Se fosse de outro a iniciativa, os donos da mídia teriam armado um berreiro. Segundo a colunista Mônica Bérgamo, da Folha de S. Paulo, o ministro do STF Gilmar Mendes, presidente do TSE, está propondo uma espécie de regulação da mídia – embora não use esta expressão – com vistas às eleições do ano que vem. Não se leu e não se ouviu, porém, nenhum protesto contra a proposta, nenhuma referência a uma suposta “tentativa de censura”, como sempre acontece quando se fala em regulação da mídia, nos moldes praticadas por outras democracias ocidentais.
A nota de Mônica, publicada nesta segunda-feira, 6, diz que Gilmar vai convocar uma audiência pública para discutir “a influência das mídias (rádio e TV) no processo eleitoral” e a eventual necessidade de “um órgão estatal de controle das programações”.
O que vem a ser um “um órgão estatal de controle das programações”? Em outras palavras, trata-se de uma agência reguladora de mídia, a exemplo da ERP em Portugal e de similares existentes em vários países do mundo. Os governos do PT ensaiaram propostas de regulação mas recuaram diante da gritaria de que se pretendia impor a censura aos meios de comunicação. Dilma Rousseff recebeu um projeto elaborado pelo ex-ministro-chefe da SECOM de Lula, Franklin Martins, e o engavetou. Na campanha de 2014 ela admitiu uma regulação econômica (que também é necessária, para reduzir a concentração e a propriedade cruzada de meios) mas não chegou a fazer nada neste sentido em 2015, antes de ser deposta em 2016, num processo em que a mídia teve papel determinante.
A idéia de Gilmar, relata a colunista da Folha, teria nascido depois que ele visitou o conselho de comunicação social da França, que fiscaliza os órgãos concessionários de mídia. “Nas eleições, as aparições de todos os candidatos, por exemplo, são cronometradas. Quando há desequilíbrio, os veículos são notificados para correção”, diz a nota. Mas não apenas nas eleições atua a agência reguladora francesa, bem como suas similares.
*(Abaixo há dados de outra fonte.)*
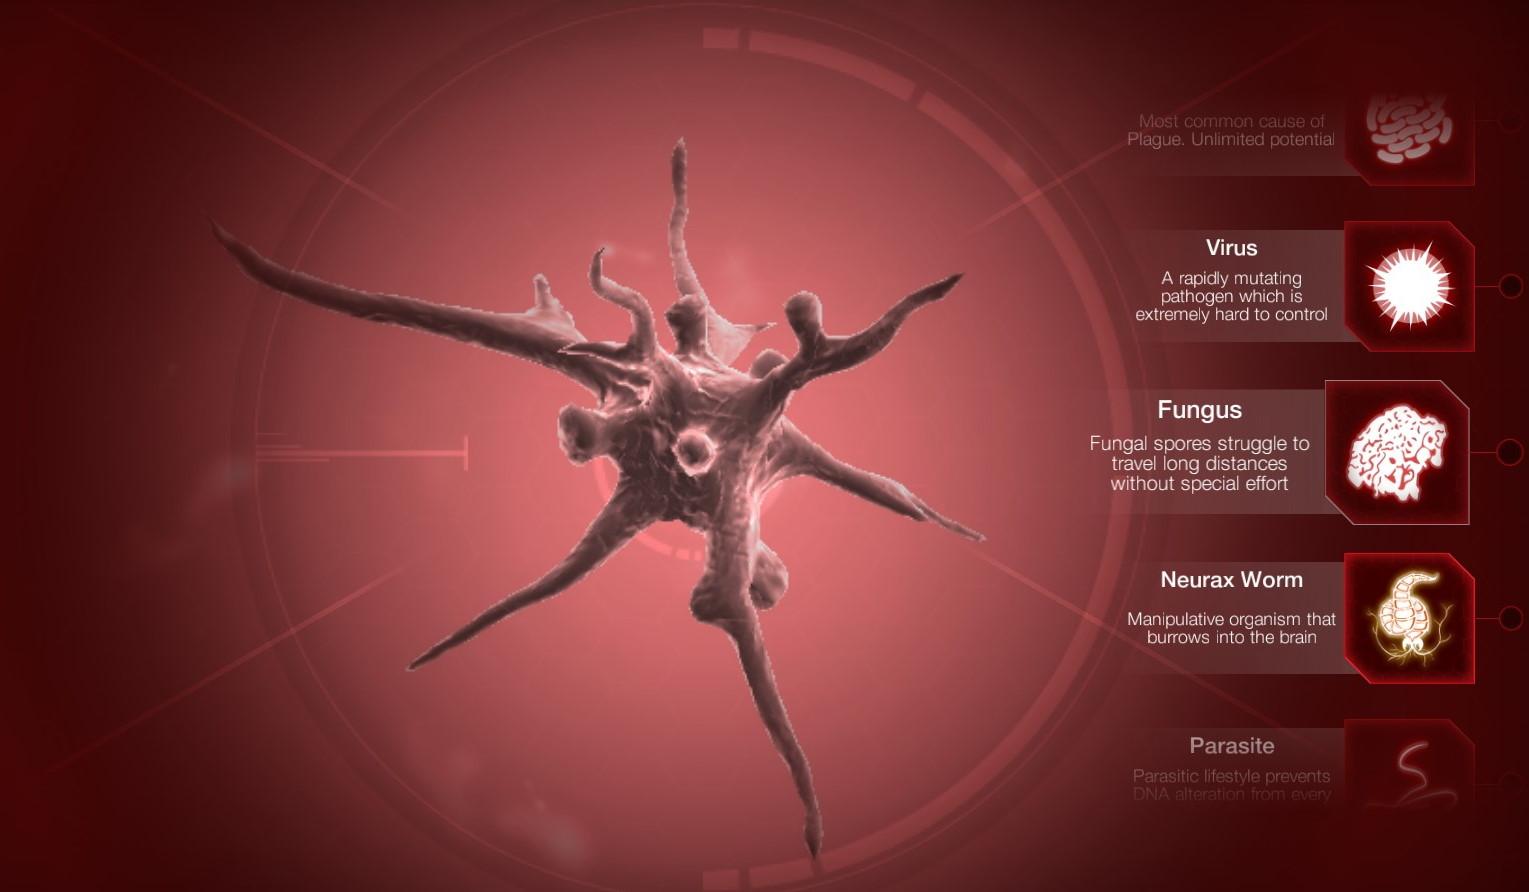 Hrozba coronaviru spustila enormní zájem o hru Plague Inc.

Os veículos são notificados, e eventualmente são obrigados a se corrigir, sempre que exorbitam de sua missão de informar com imparcialidade, equilíbrio, observância da pluralidade e do direito ao contraditório e ao direito de resposta, regras frequentemente ignoradas no Brasil pelos concessionários de radiodifusão.
“Entre os tópicos elencados pelo TSE para discussão estão “a autorregulação realizada pelos concessionários (de rádio e TV)” e a “neutralidade da imprensa no processo eleitoral: ficção ou realidade?”. Teriam sido ou serão convidados para a audiência pública um jurista francês, representantes da sociedade civil e de empresas de radiodifusão. A boa interrogação é sobre quem seriam os representantes da sociedade civil convidados por Gilmar. Para um debate de verdade, ele teria que convidar estudiosos do tema e os movimentos que defendem a regulação e a democratização dos meios de comunicação. Movimentos como Intervozes, Fórum Nacional para a Democratização das Comunicações (FNDC) e similares.
Diz ainda a nota de Mônica que para o presidente do TSE, o tema é “bastante caro à democracia e à liberdade de sufrágio”, podendo o tribunal elaborar relatórios para subsidiar eventuais alterações na legislação eleitoral”.
De fato, o pluralismo e o equilíbrio dos meios eletrônicos e da mídia em geral constituem um elemento importante da democracia e da garantia da liberdade de sufrágio, do respeito ao direito de escolha do eleitor, livre de induções, manipulações, distorções da informação, manipulação de pesquisas, discriminação de candidatos na cobertura e outros vícios que conhecemos muito bem. Mas a democracia não começa nem termina com as eleições, de modo que a regulação conjuntural desejada por Gilmar deve ser permanente, com base em legislação específica e exercida por um órgão regulador independente, embora ligado ao Estado.
Mas mesmo propondo uma regulação conjuntural, Gilmar contribui, com sua iniciativa, para desmitificar um assunto tratado como bicho de sete cabeças embora represente apenas um aprimoramento da democracia, que tem na liberdade de imprensa um de seus pilares, desde que ela não ultrapasse ou violente outros direitos e garantias democráticas. Em se tratando de concessões públicas (rádio e TV) a necessidade de observância do equilíbrio, do apartidarismo e da imparcialidade é ainda maior, pois trata-se da exploração de um bem público concedido à iniciativa privada, que não pode ser utilizado a serviço de interesses privados e contra o direito do público à informação de qualidade.
O paradoxo no Brasil é simples e é o seguinte: a exploração privada de energia é regulada pela Aneel. A das telecomunicações, pela Anatel. A do petróleo pela ANP. E assim por diante. O único serviço concedido à exploração privada que não é regulado por ninguém é a radiodifusão.